On the outside, Four Points looks exactly like what it is, a hotel. In front of the sea of Aci Castello, it has a pleasant and original architecture, on several levels with staggered wings, the result of the imagination of the architect Willi Ramstein. When you cross the glass sliding doors, though, it is clear that this is not a hotel like the others.
When you step into the hall, the first thing you notice is the long white wall shaped by Agostino Bonalumi (1983), forming the background of the reception desk. A little further on, a large space welcomes the bar and a tub full of greenery, next to which two glass elevators are set in lava stone walls decorated by Urano Palma. In front of the elevator doors, the first thing you see is “Contaminations” a large canvas by Mark Kostabi and Enrico Baj (1992). If, on the other hand, you decide to take the stairs, you will find yourself among the works of the FON art gallery, the exhibition space of the Oelle Foundation, where at the moment you can see, among other things, some works by Nobuyoshi Araki: 19 “Flowers”, floral compositions from the very early Nineties, and twelve large-format works of the recent series “Araki Paradise”, still in progress.
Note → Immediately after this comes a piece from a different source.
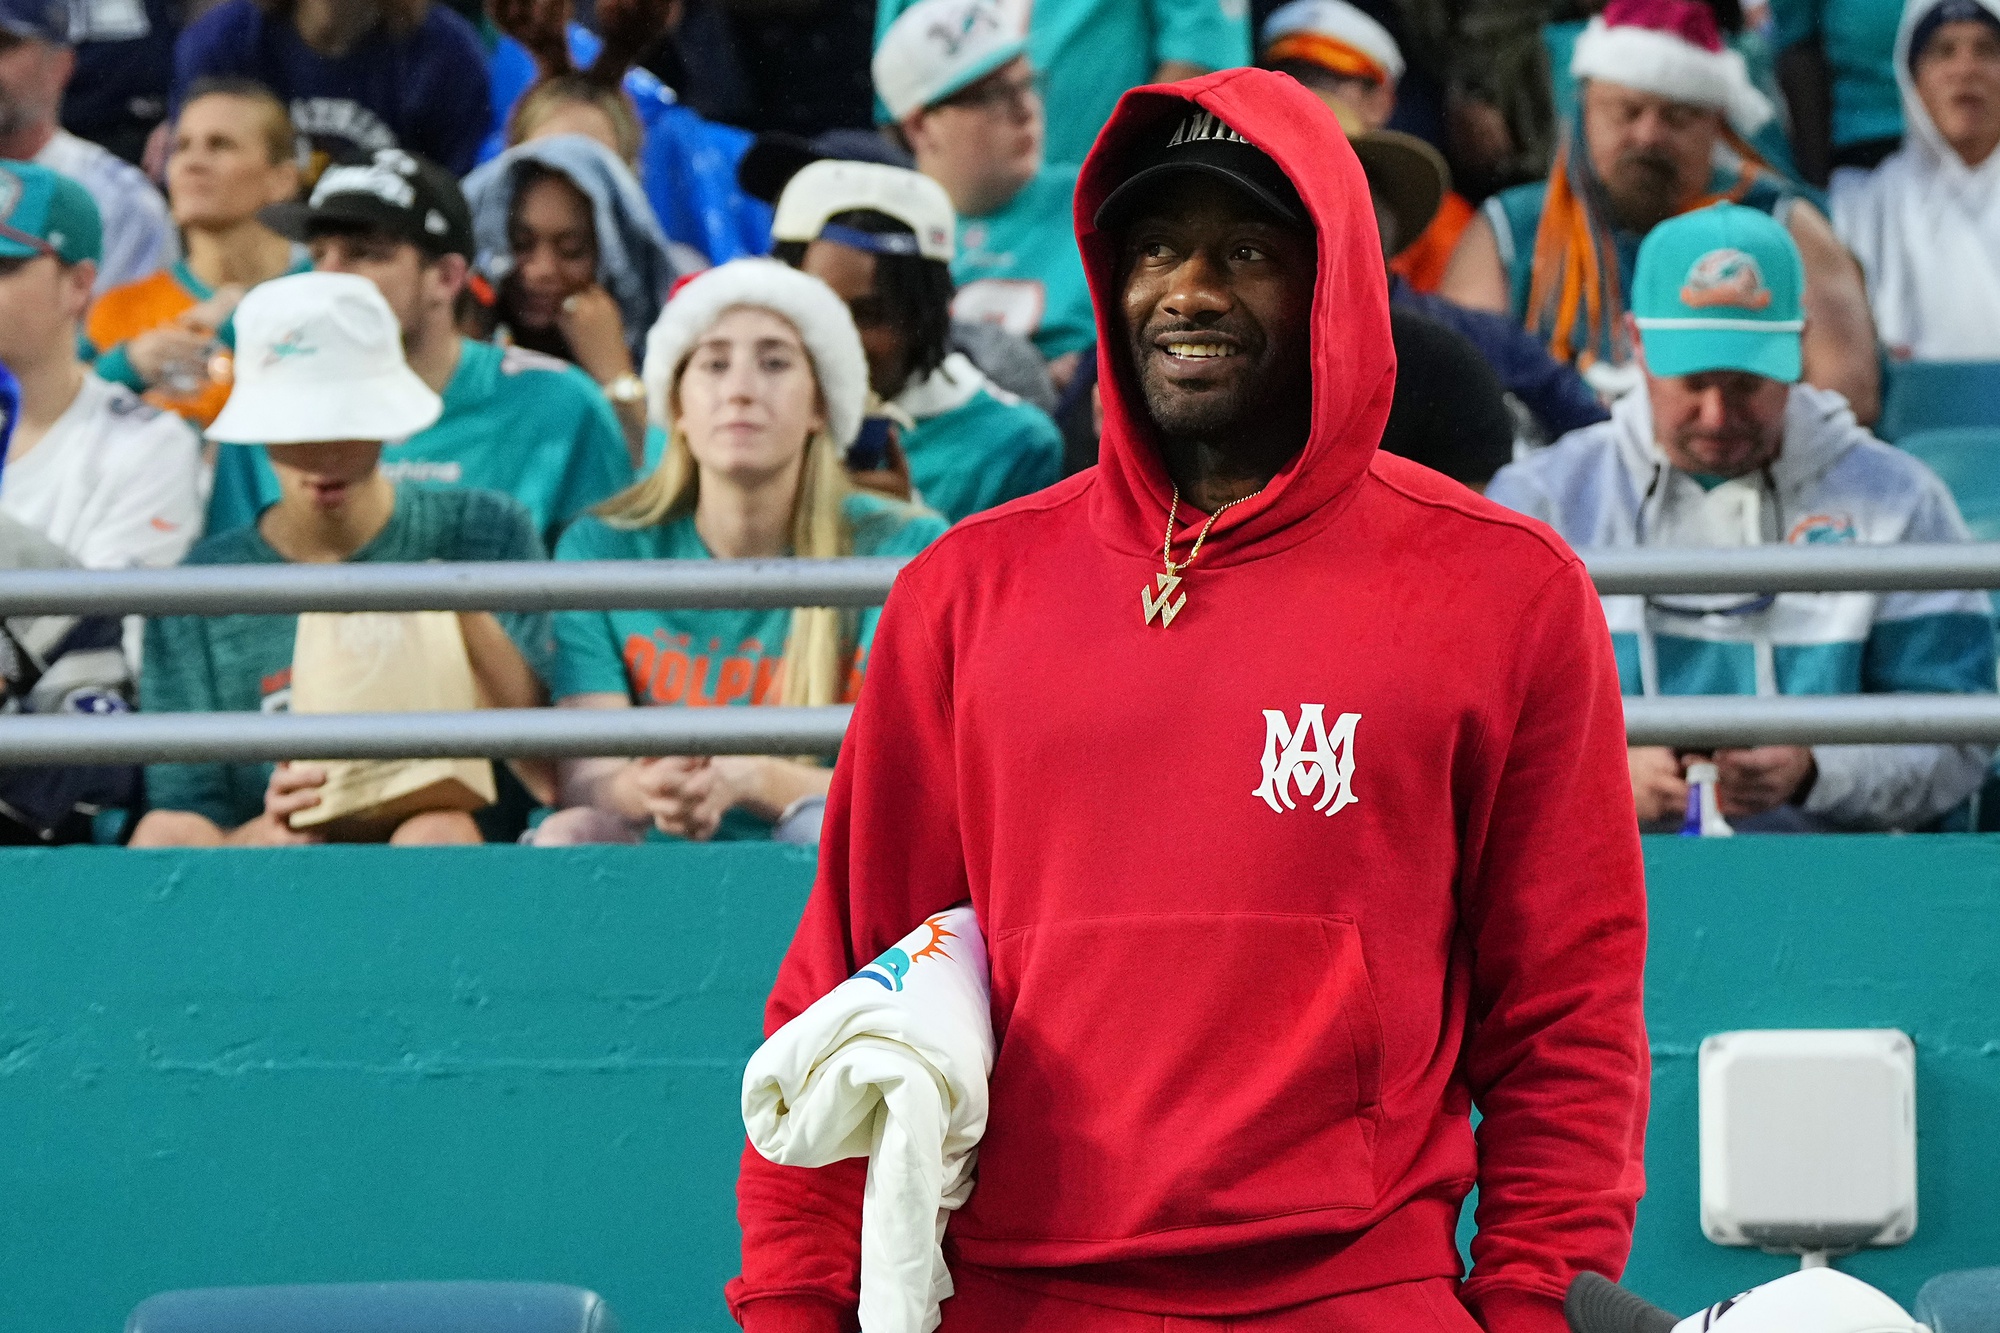 Dec 24, 2023; Miami Gardens, Florida, USA; Los Angeles Clippers guard John Wall watches the game between the Miami Dolphins and the Dallas Cowboys during the first half at Hard Rock Stadium. Mandatory Credit: Jasen Vinlove-USA TODAY Sports

Four Points was built by Agatino Laneri and inaugurated in 1983. Today it is owned by his children Ornella, Fabio, and Nicola and, since 2017, it hosts the headquarters of the Foundation, the creature of Ornella, a hotelier by chance who has decided to reunite her passion for contemporary art with the hospitality business.

Suites and works of art
Ornella Laneri walks fast. She has the unhesitating stride of the determined person and she never stays in one place for long. In all senses. While she was telling me about the Suite of Love, the Foundation’s most recent project (a suite, inside the hotel, intended as a residence for artists, the first of which has been the Japanese photographer Nobuyoshi Araki, whose shots will be exhibited until next July 15), she was already out of the suite to tell me about the Horto, the first synergic vegetable garden in a large hotel, a project for which she won the SMAU Milano 2017 Innovation Award.
Among low bushes of herbs and an avocado tree, she explained to me that the sounds we hear are precisely those of the “garden”, captured thanks to an innovative machine designed by her son Michele Spadaro, a sound engineer. The data of light, temperature, wind, and humidity are captured and transformed into sound impulses, always different.
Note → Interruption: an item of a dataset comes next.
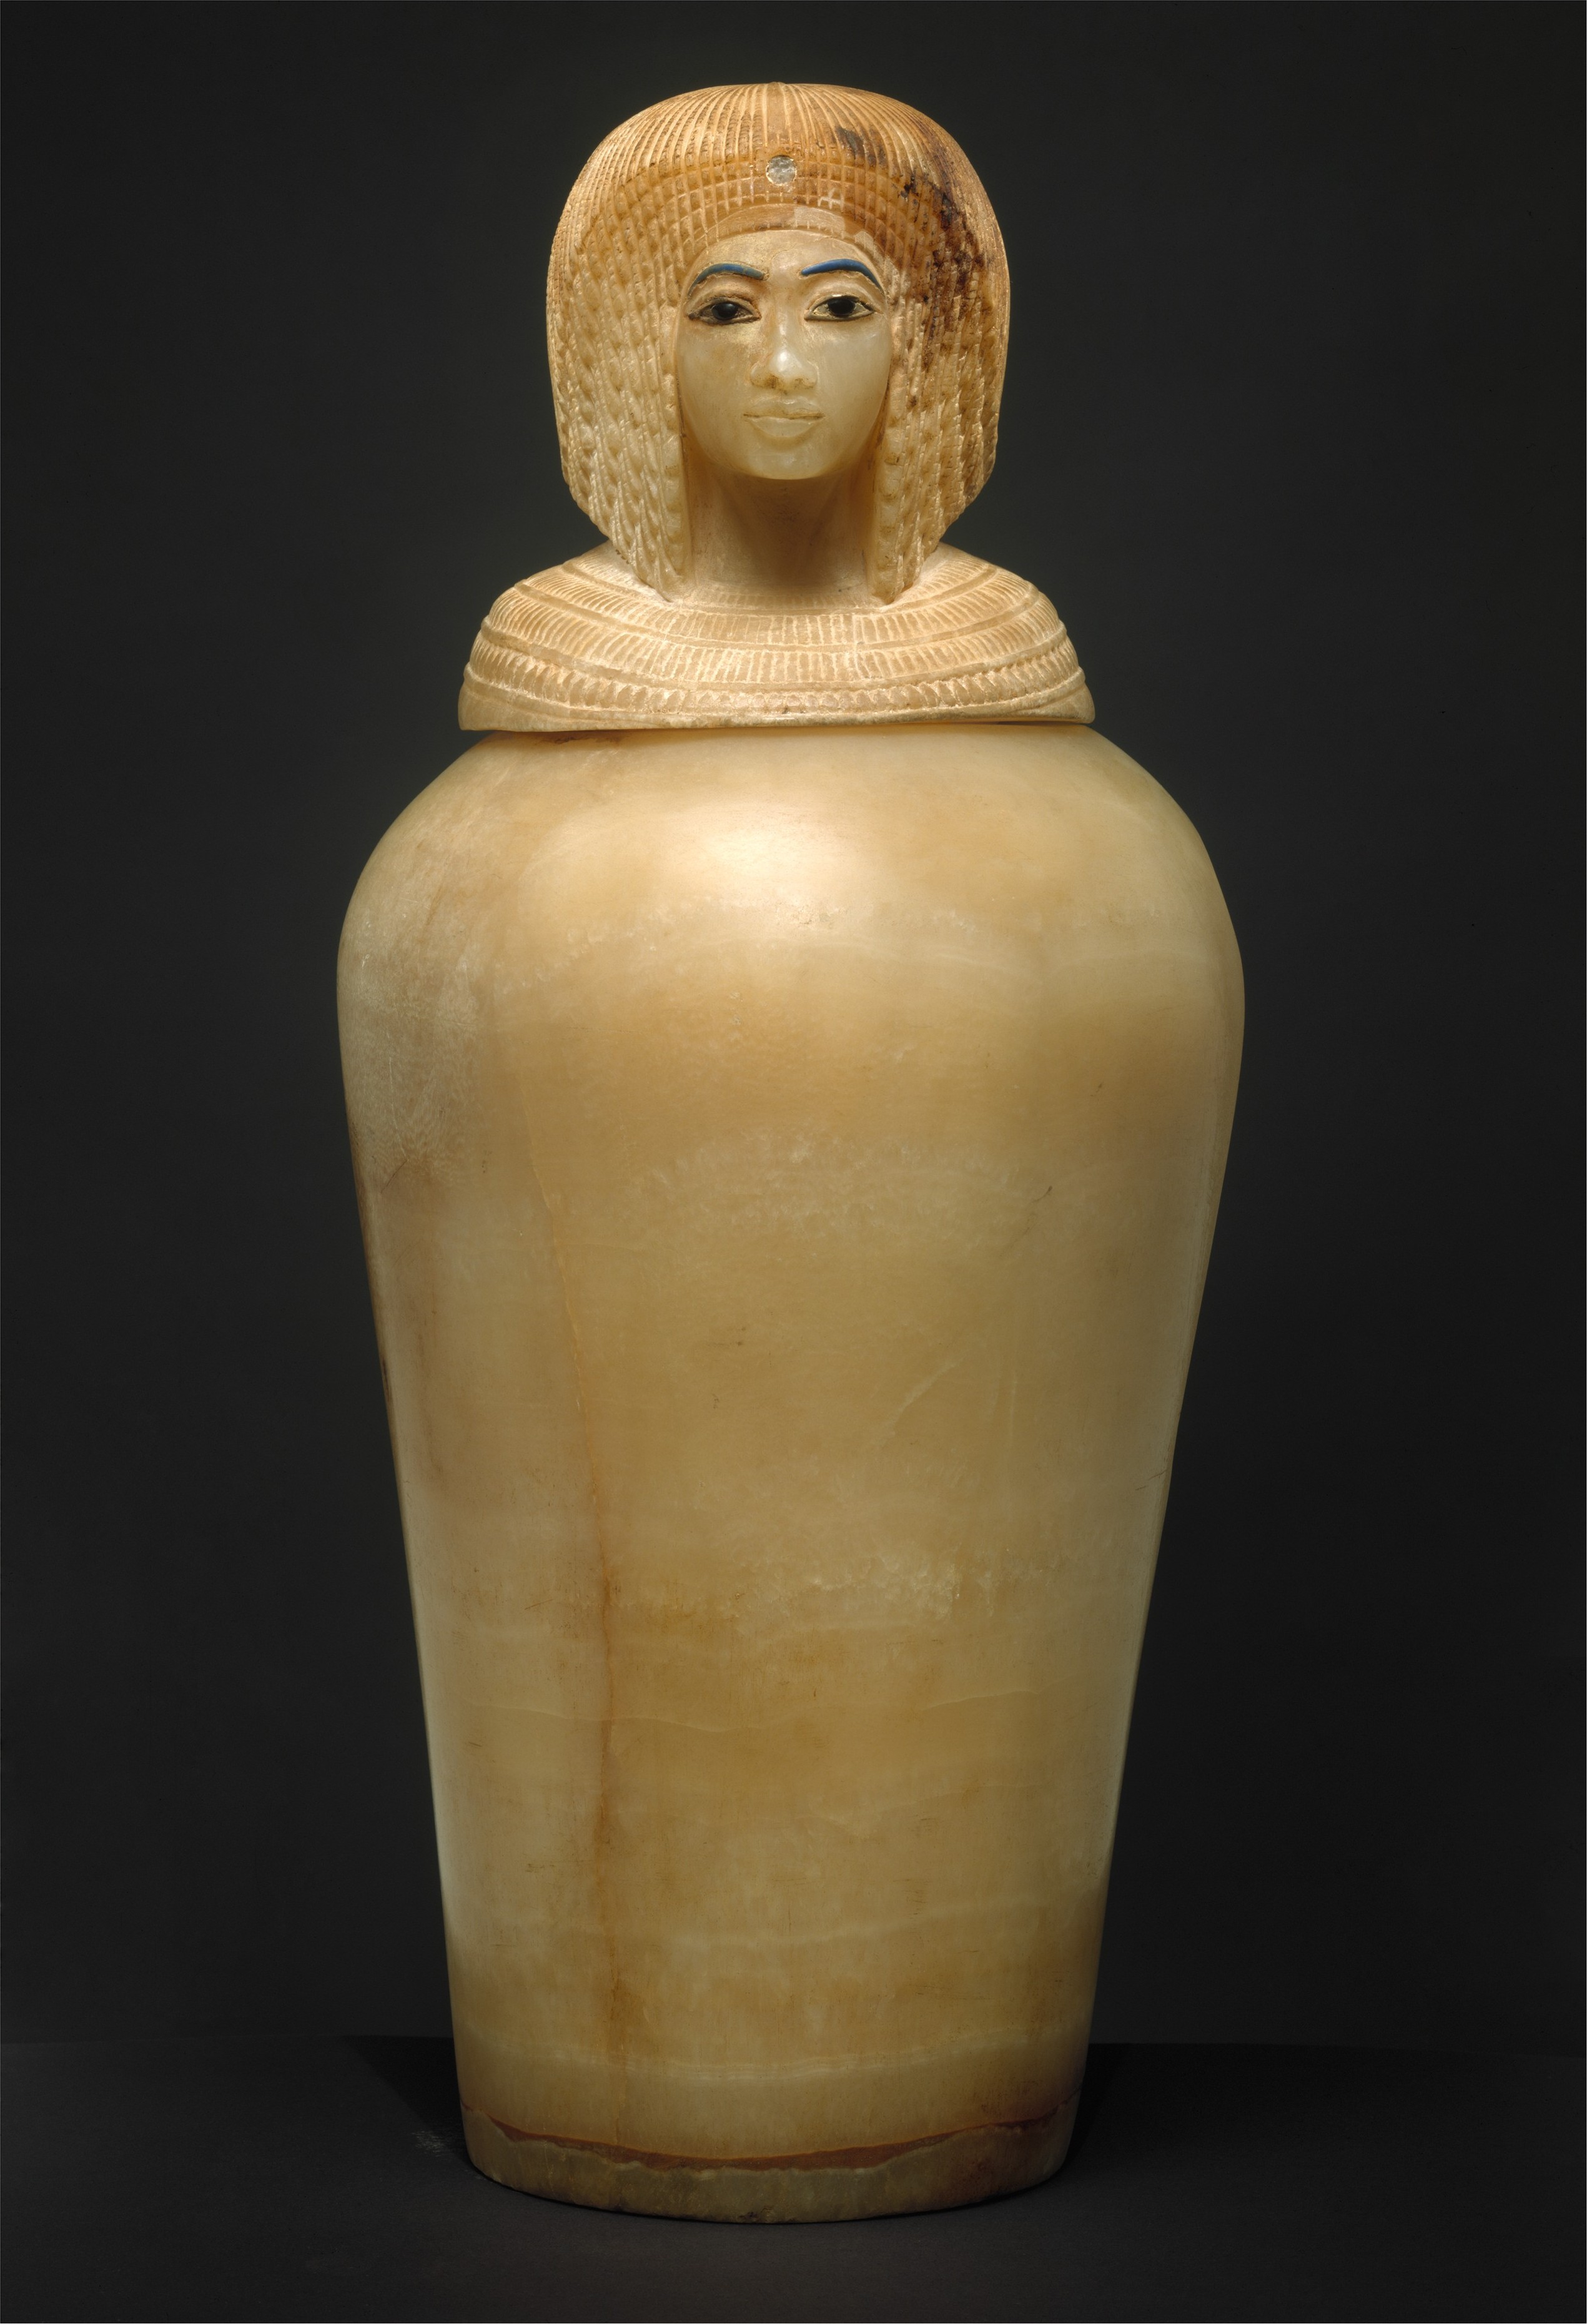 Canopic Jar 07 226 1 With A Lid In The Shape Of A Royal Woman S Head 30 8 54 New Kingdom Amarna Period The Metropolitan Museum Of Art

All guests can visit the Horto, whose products are used in the kitchen by the chef of the restaurant. It is also possible to book a “table in the Horto”, a sort of chef’s table moved between lettuce and mint bushes, where you can choose which vegetable you prefer on the menu.
To sleep in art
It is also possible to visit the art suites or decide to sleep in them. The “ONE-O-ONE Contemporary Art Suite” of which I wrote earlier, where at the moment there are a thousand Polaroids, 27 unpublished photographs selected from Araki’s production of the Eighties and Nineties and the entire 1996 series entitled “Suicide in Karuizawa “; and the Phil Stern Suite, named after the American photographer who stayed there for about two weeks in 2013, when he returned to Sicily for the first time after landing in Gela during the Second World War.
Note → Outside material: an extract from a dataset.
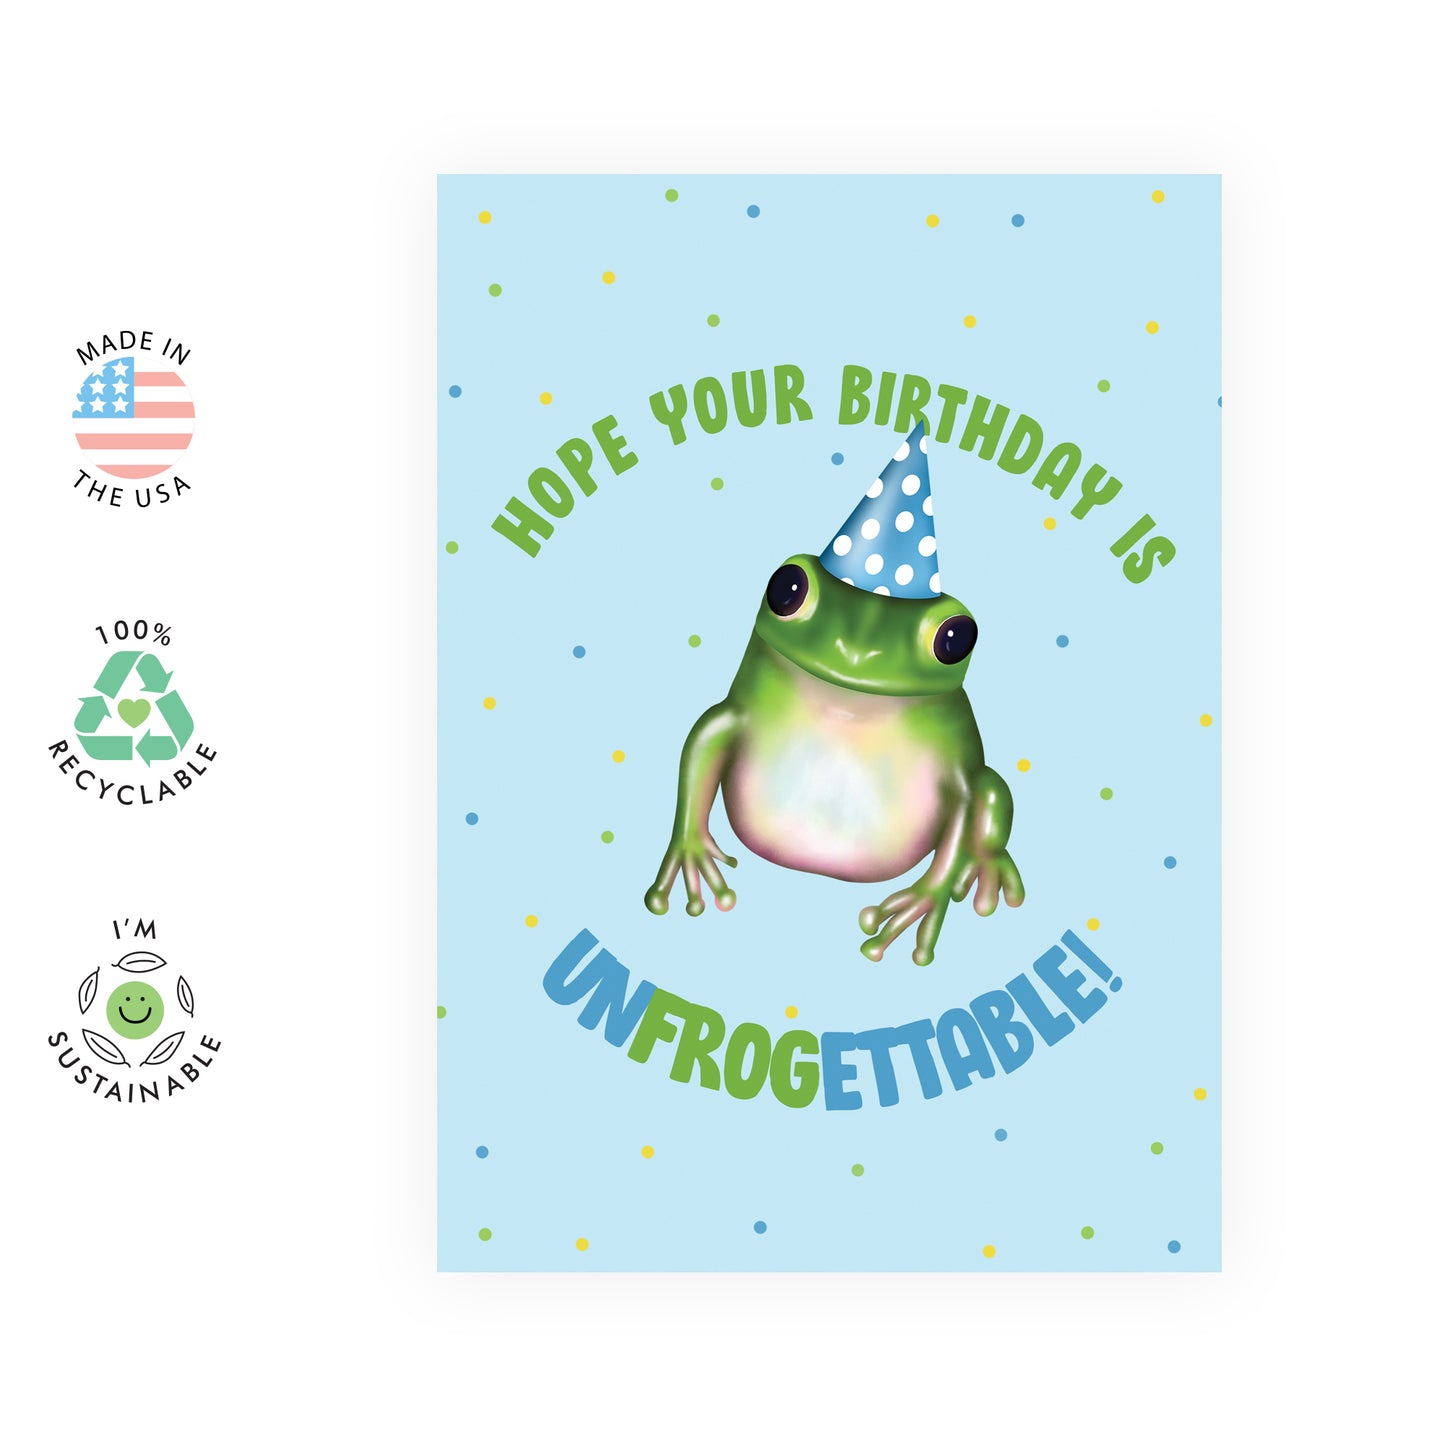 Funny Birthday Card - Hope Your Birthday Is Unfroggetable - For Men Women Boys Girls

The occasion for his return after 70 years was the inauguration of the personal exhibition of unpublished photographs on the war on the island. Stern took advantage of this to visit the places where he had been, a journey resulting in the project “Phil Stern. Welcome back to Sicily ”promoted by Ornella Laneri together with Ezio Costanzo and Carmelo Nicosia.
Let’s go to Catania
Stern’s shots and those documenting the journey are collected in the Pavilion dedicated to him, 700 square meters that the Foundation has created inside the Museum of the Landing in Sicily 1943 in Catania.

Here there also are historical illustrative panels, posters, and a collection of photographs depicting the young Phil and some of his shots taken during his later photographic career. After the war, Stern specialized in photos of Hollywood stars and portrayed, among others, James Dean, Frank Sinatra, and Marilyn Monroe.

The harbor is not far from the museum and so I easily reach Michelangelo Pistoletto’s Terzo Paradiso, still an initiative of the Foundation. The work is set up on a barge moored at the very long pier Molo Foraneo di Levante, from where the entire skyline of Catania opens up to view, with the always smoking cone of Etna in the background. The installation is the first and only one created with plastic waste recovered from the sea and made in water, bringing the theme of marine pollution from plastic waste to the fore.